Автор книги: Анатолий Равикович
Жанр: Биографии и Мемуары, Публицистика
сообщить о неприемлемом содержимом
Текущая страница: 13 (всего у книги 21 страниц)
– Что это вы себе позволяете, Владимиров? Вас для этого поставили руководить театром?
– Простите, я не понимаю.
– Ты не понимаешь? А подыгрывать всяким врагам и мерзавцам понимаешь? Как это вам пришло в голову ставить постановку в переводе этого пасквилянта Пастернюка? Ты что, газет не читаешь? Идите и помните: вы на передовом фронте партии – на идеологическом. Повторится – будем делать оргвыводы.
Мы слушали Владимирова и вместе с ним испытывали стыд, унижение и беспомощность. Но главное, самое важное для нас, – спектакль остался в репертуаре. Все-таки времена стали другими.
* * *
Время шло, и я уже вполне освоился в Театре имени Ленсовета. С началом нового, шестьдесят пятого года я получил свою первую большую, по-настоящему интересную роль в спектакле «Сплошные неприятности» – инсценировке удивительно смешной и трогательной повести американцев Левина и Химена «Трудно быть сержантом». О приключениях двух новобранцев в армии США. Двух недотеп. Большого и маленького. Большого наивного деревенского парня из американской глубинки играл Толя Семенов, я, естественно, играл маленького придурковатого очкарика из интеллигентной семьи. Спектакль получился средненьким, но я все равно ощущал, играя эту роль, огромное удовольствие. Семенов на самом деле был большой, 182 сантиметра роста, с каштановыми волосами, крутыми плечами и сочным басом.

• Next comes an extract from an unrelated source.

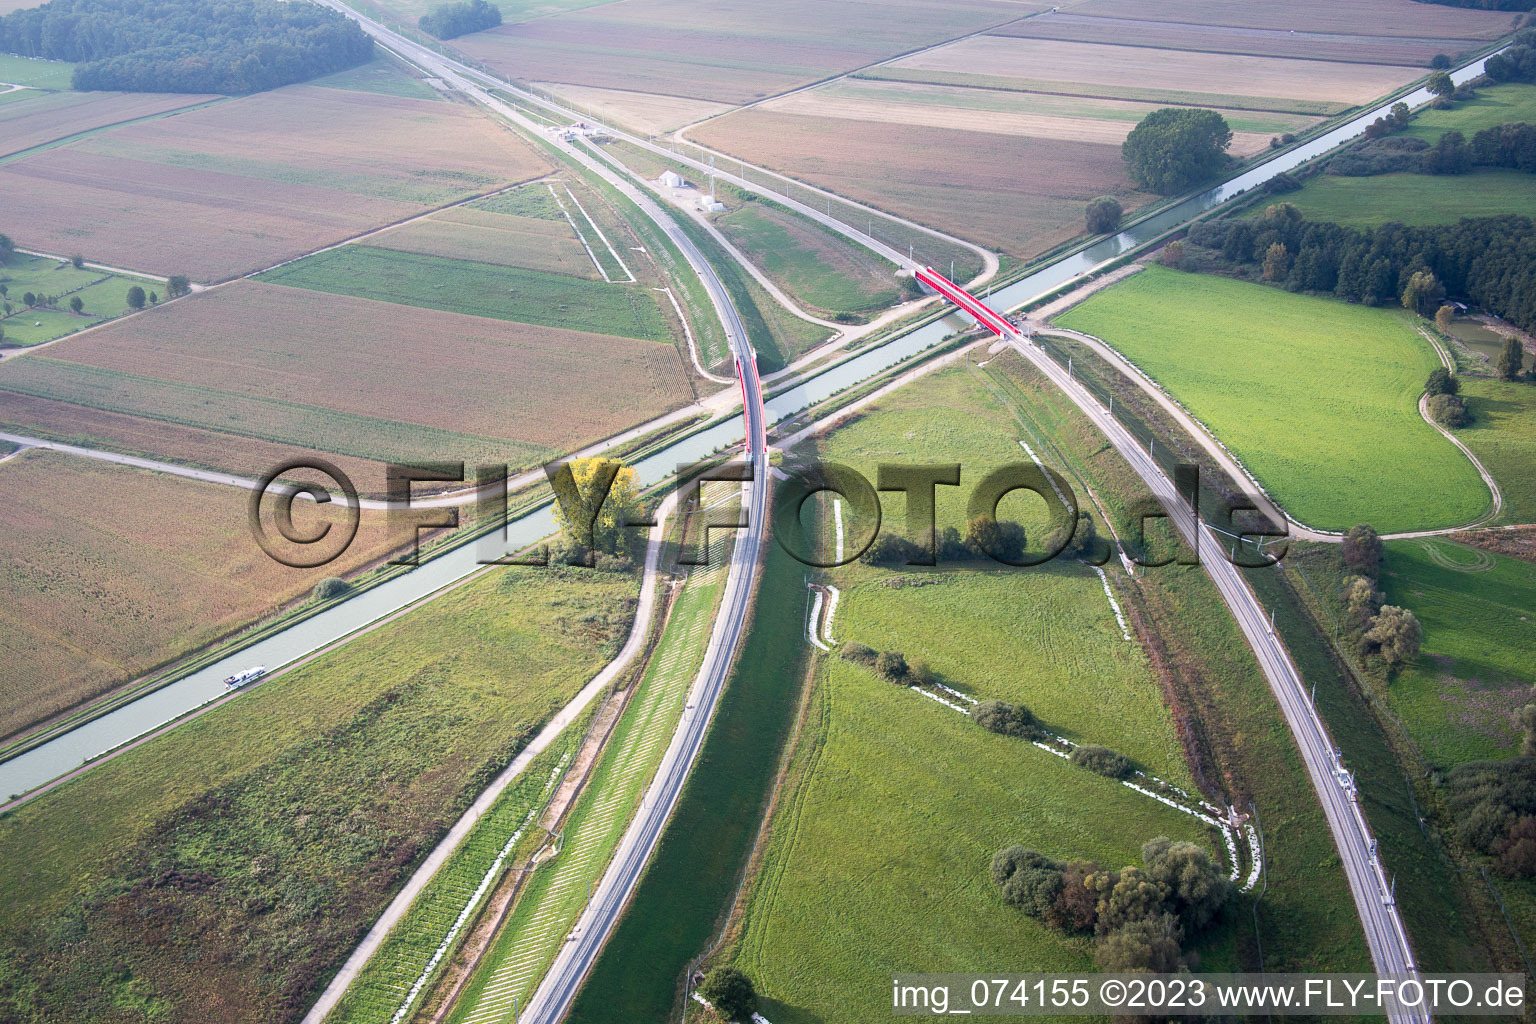 Photographie aérienne de Chantier du nouveau viaduc de l'ouvrage d'art du pont ferroviaire destiné au tracé des voies ferrées sur le canal Marne-Rhin à Eckwersheim dans le département Bas Rhin, France

При виде его круглого, курносого лица с добродушной улыбкой на сахарных устах хотелось сказать: «Ой, ты, гой еси, добрый молодец», – и поместить иллюстрацией в книгу русских народных сказок. Он и выпить любил, как русский богатырь. Мы с ним подружились и жили на гастролях вместе на частной квартире. Каждый вечер после спектакля, как ритуал, он ставил на стол бутылку водку. Мои протесты, что пить столько нельзя, что я не хочу, что завтра репетиция, – он игнорировал, молча разливая водку по стаканам. Потом он поднимал свой стакан, дотрагивался им до моего, чокаясь, и, укоризненно глядя на меня глазами обиженного сенбернара, говорил: «Старик, я один не пью» – и ждал, пока я наконец, устав отпираться, не сдамся. Так происходило каждый божий день. Естественно, что если сегодня бутылка была его, то завтра была моя очередь. Через десять дней у нас заканчивались суточные, выданные на месяц, а еще через неделю – и зарплата. Мы занимали денег и переходили на режим жесточайшей экономии. Экономили, понятно, на закуске. Вечерняя бутылка была вне меркантильных соображений и ставилась на стол с неизбежностью восходов и закатов солнца. Еду мы покупали в кулинарии на первом этаже нашего же дома. Это была моя обязанность. Я дожидался, когда подойдет моя очередь, и капризно разглядывал лежащие в витрине отбивные котлеты, жареных кур, запеченную рыбу, делая вид, что все это не возбуждает во мне никакого аппетита. Но вдруг мой утомленный взор останавливался на большом куске отварного, по цене семьдесят копеек за килограмм, вымени.
– Скажите, а кошка будет есть вымя? – спрашивал я у продавщицы.
– Ну а почему бы и нет, – не очень уверенно отвечала она. – Вымя свежее, только сегодня привезли.
– Ну и чудно. Возьму-ка ей вымя.
– Сколько?
– Килограмм.
Продавщица вскинула на меня удивленные глаза и стала отрезать заказанный мной килограмм.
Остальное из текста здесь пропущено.